In October last year, we published a column, one of the pillars of lobby monitoring, which to date has not been regulated in Brazil. Today we write to confirm that this, in fact, happened. As regular collectors of public authorities, we believe that it is also important to record when something progresses. First, to encourage the civil servants who lead this type of initiative, which faces so many political barriers. Second, to combat social apathy fueled by exclusively negative news. When the population believes that nothing works or evolves, they stop getting involved, demanding and participating.
Knowing who the government interacts with is essential to understand where management priorities go, who can influence decisions and who is left out. Therefore, the Conflicts of Interest Law, currently applicable only to the federal Executive, requires authorities to disclose agendas of public commitments. For years this was done in a scattered and inconsistent way. It was typical transparency for the English to see.
After years of pressure from journalists, researchers and civil society organizations, the scenario began to change with the launch of , an official system that has already made it possible, for example, to discover and reveal .
But the big jump happened in August this year. Based on the experience accumulated since implementing the tool and proposals from the Council for Public Transparency, Integrity and Combating Corruption, the system was updated to version 2.0.
We have been monitoring the quality of public agendas since 2020, using our own platform, . Based on our data, we built a set of indicators that demonstrate significant progress by the government.
If previously only 6% of commitments contained the participants’ CPF, now 91% contain this information. In a country with millions of namesakes, this is what makes it possible to accurately identify who circulates in the corridors of power and cross-reference this information with other bases. This is what separates real transparency from decorative transparency.
Another crucial point concerns the meeting agenda. Last year, only 11% of commitments included the topic discussed. Now, more than half inform the agenda, allowing us to understand the content of the interactions and not just who was present.
The point that remains stagnant is the delay in publication. A quarter of the commitments continue to be published after the legal limit of eight days, a period that, let’s face it, is already insufficient for effective social participation. The ideal would be to publish before meetings, but less than 15% reach the system at least one day in advance.
An improvement that may go unnoticed, but deserves note, is the creation of system manuals for citizens and employees. Anyone who deals with government data knows the impact of the lack of data dictionaries, methodological explanations and training for those responsible on the other side of the counter. It seems like a detail, but it is exactly this type of infrastructure that allows effective social participation.

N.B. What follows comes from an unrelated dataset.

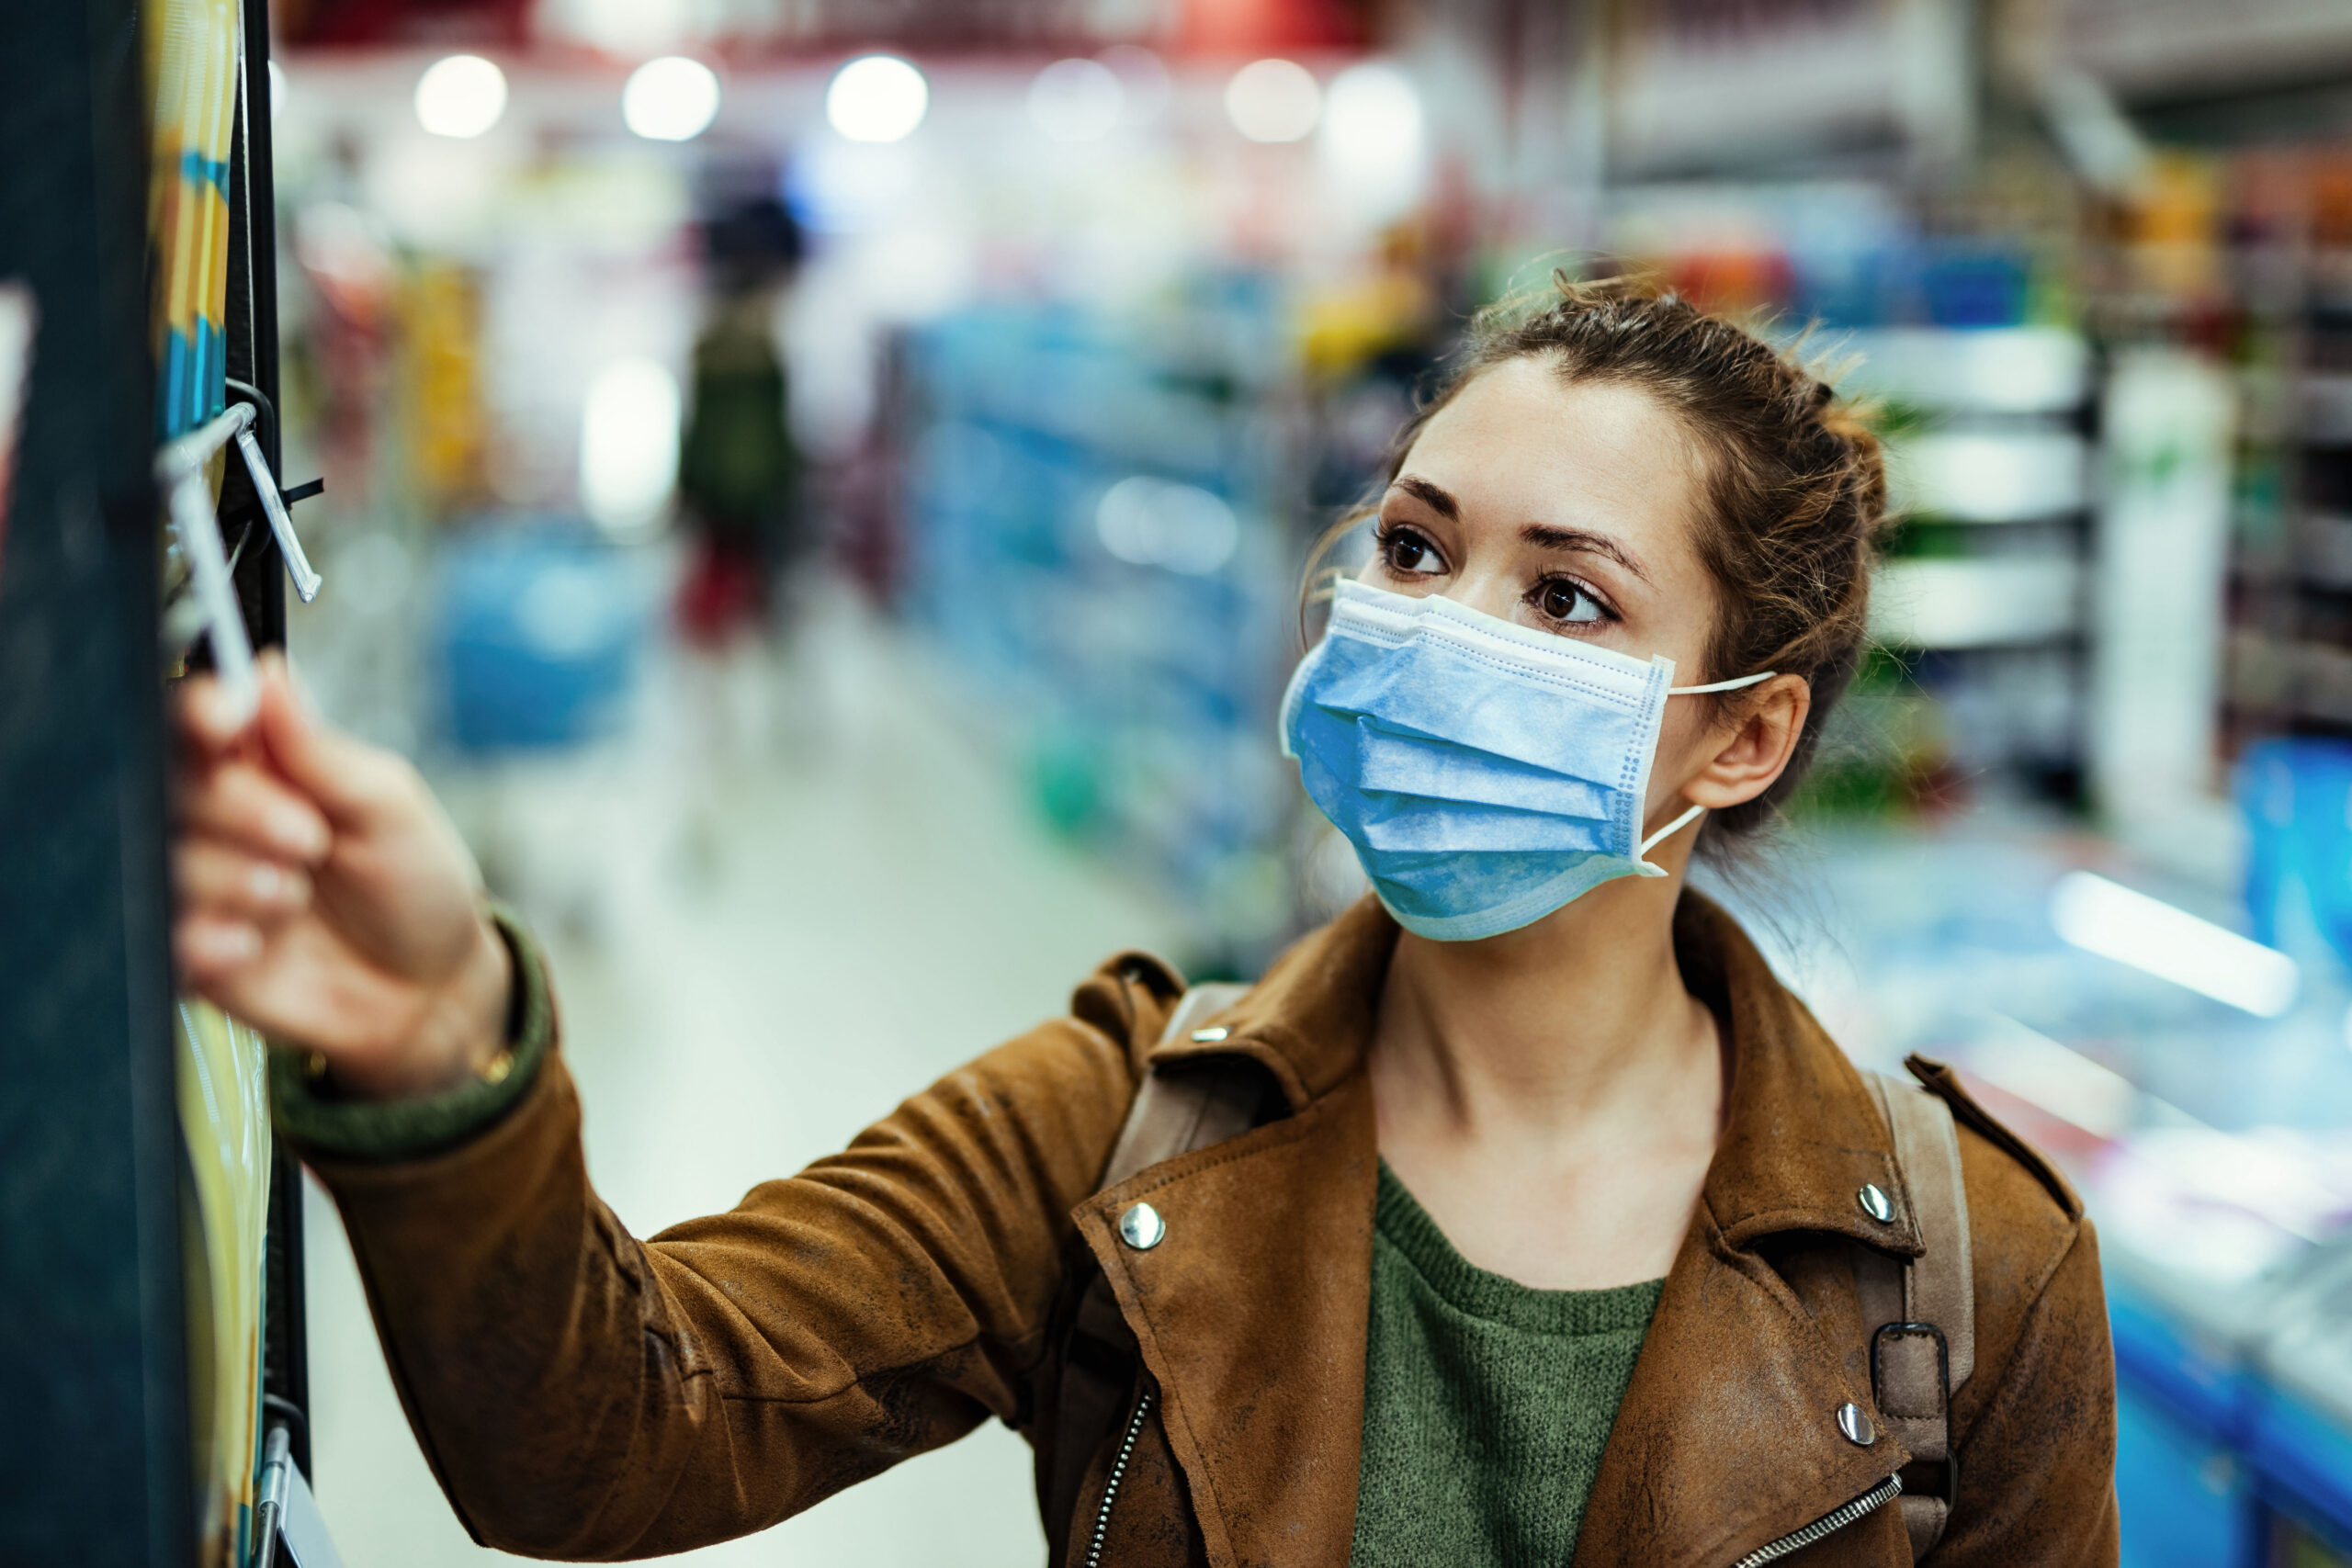 Young woman with protective mask on her face buying in supermarket during coronavirus pandemic.
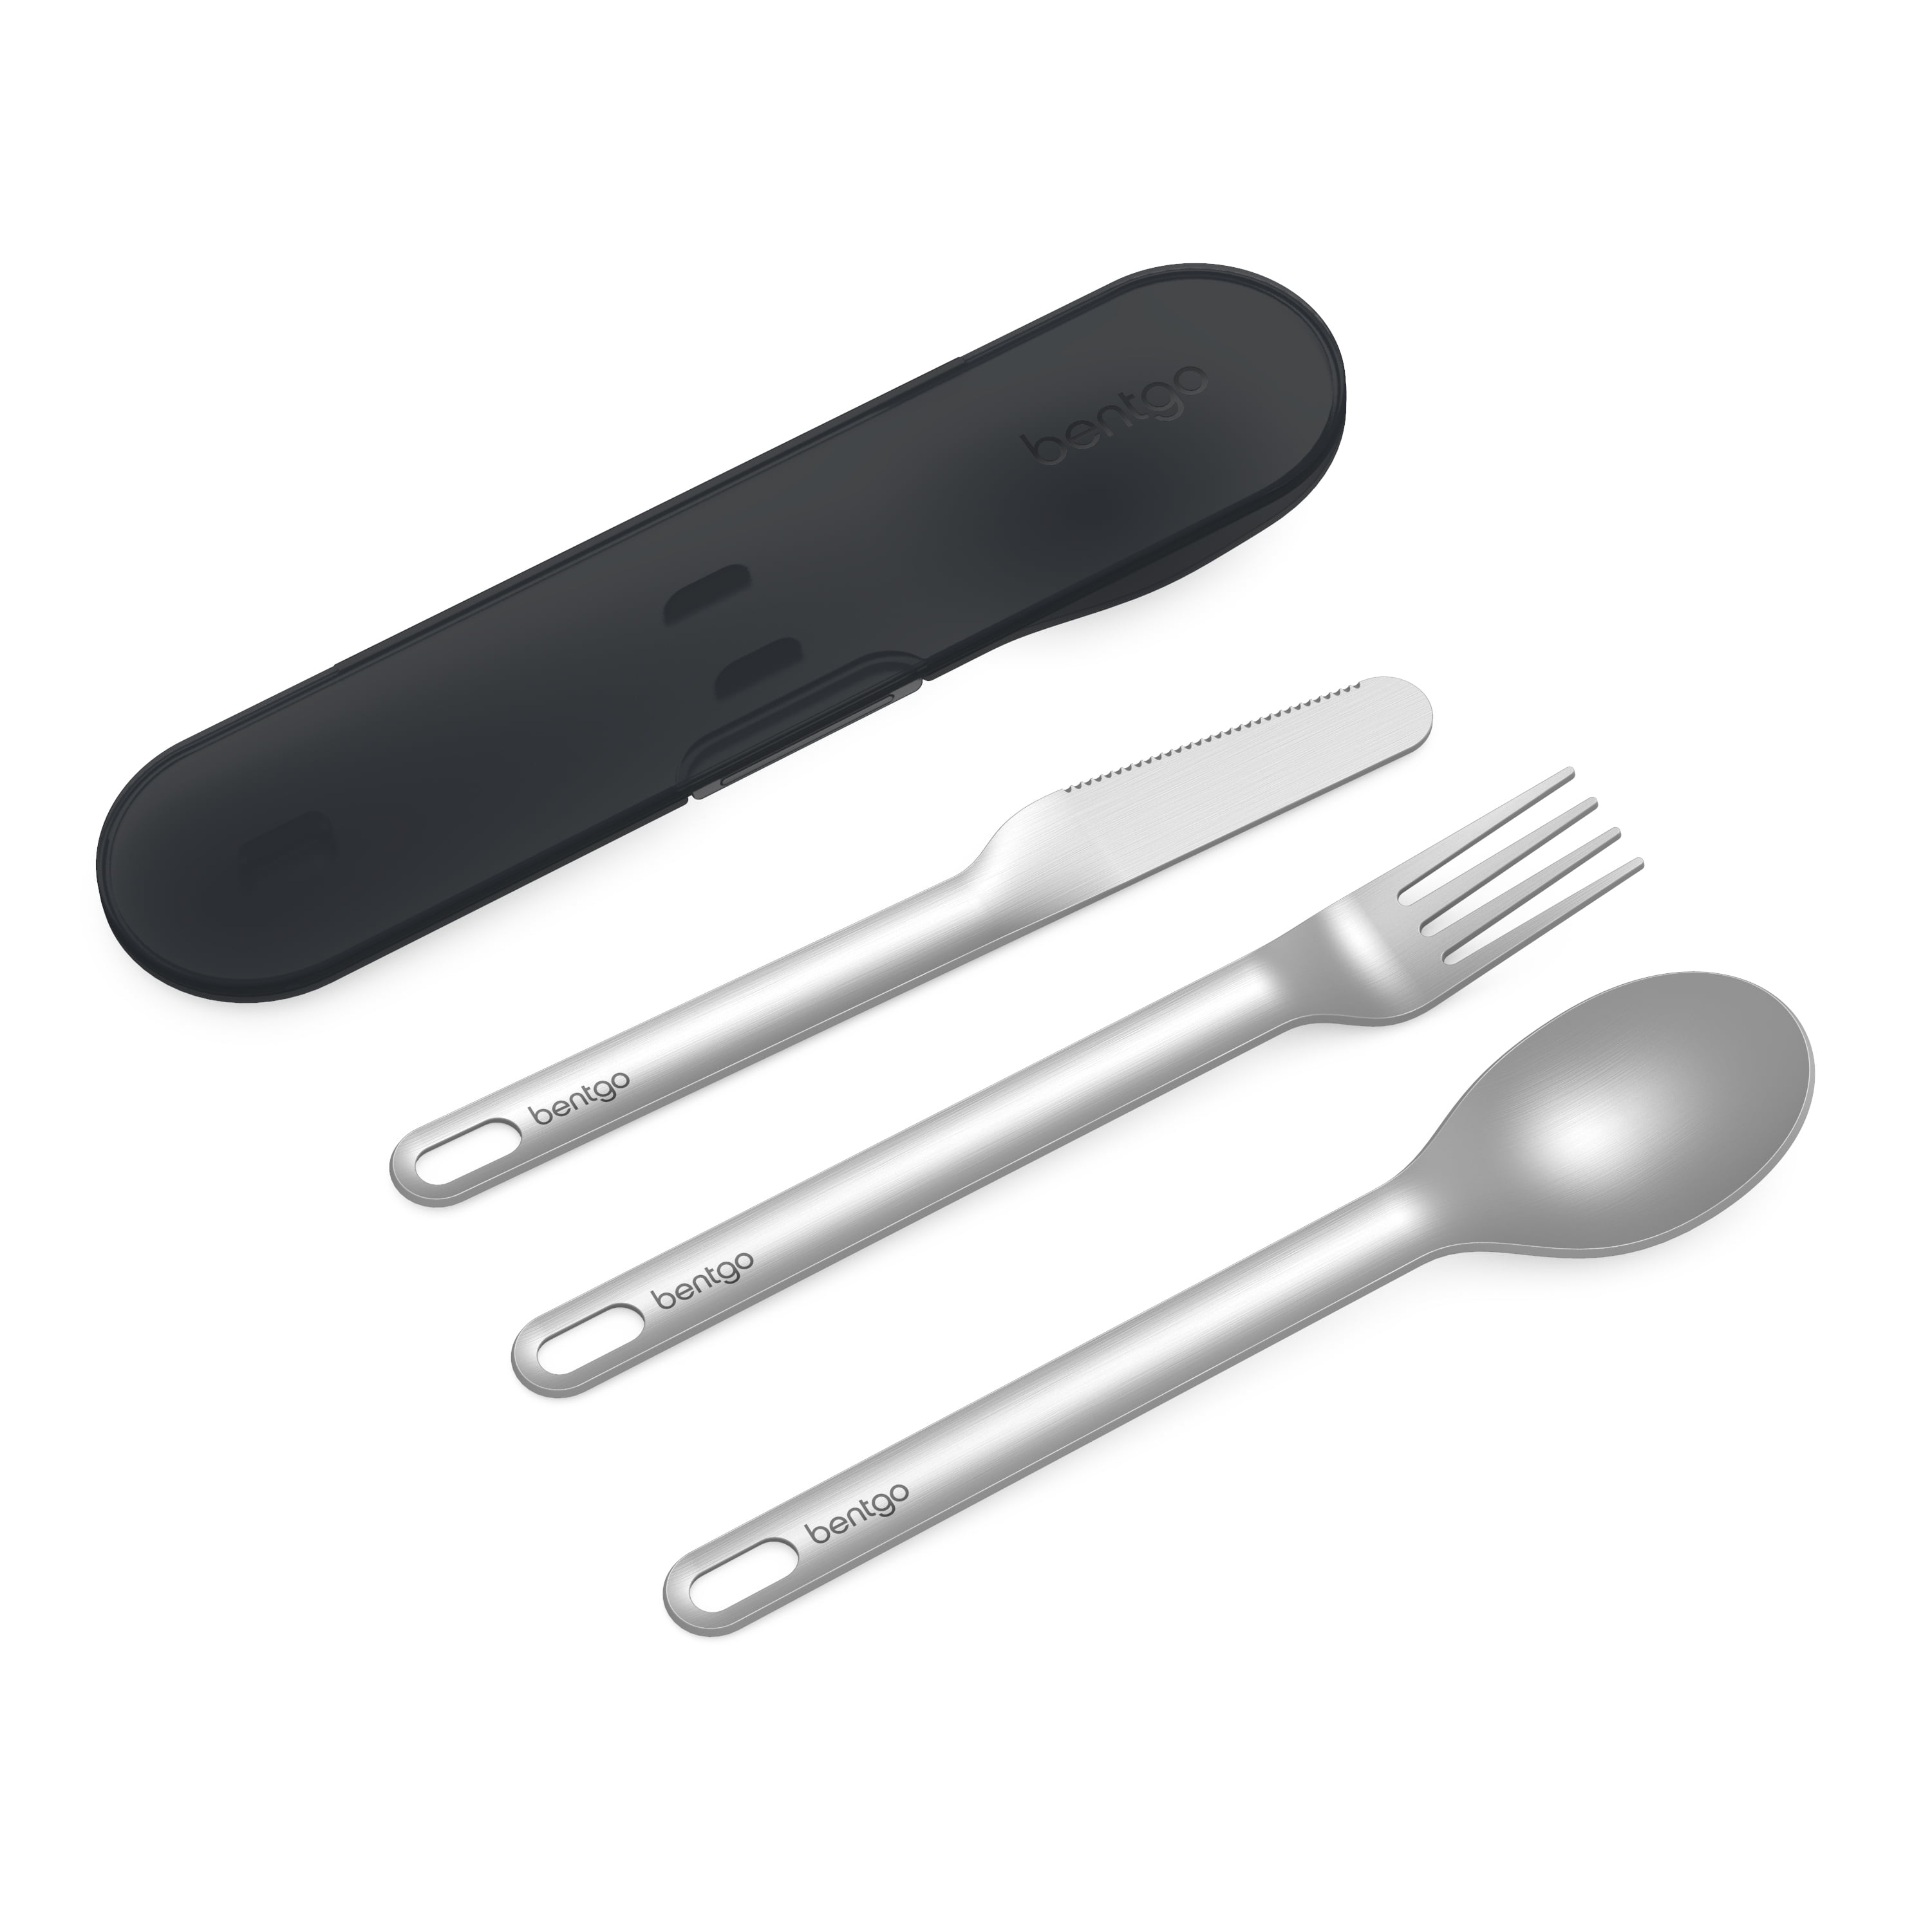 Bentgo® Stainless Travel Utensil Set - Reusable 3-Piece Silverware Set with  Carrying Case, High-Grade Premium Steel, BPA-Free Case, Eco-Friendly

The evident improvement in indicators demonstrates the importance of cooperation between civil society and government to improve public policies. Previously a formality almost always ignored, the agenda transparency policy coordinated by the CGU has become a real instrument of social control. There is still a lot to improve, and we will continue to formalize new proposals, but we need to publicly recognize and congratulate advances when they happen.
Now, we need to demand the same level of transparency from the Legislature and the Judiciary.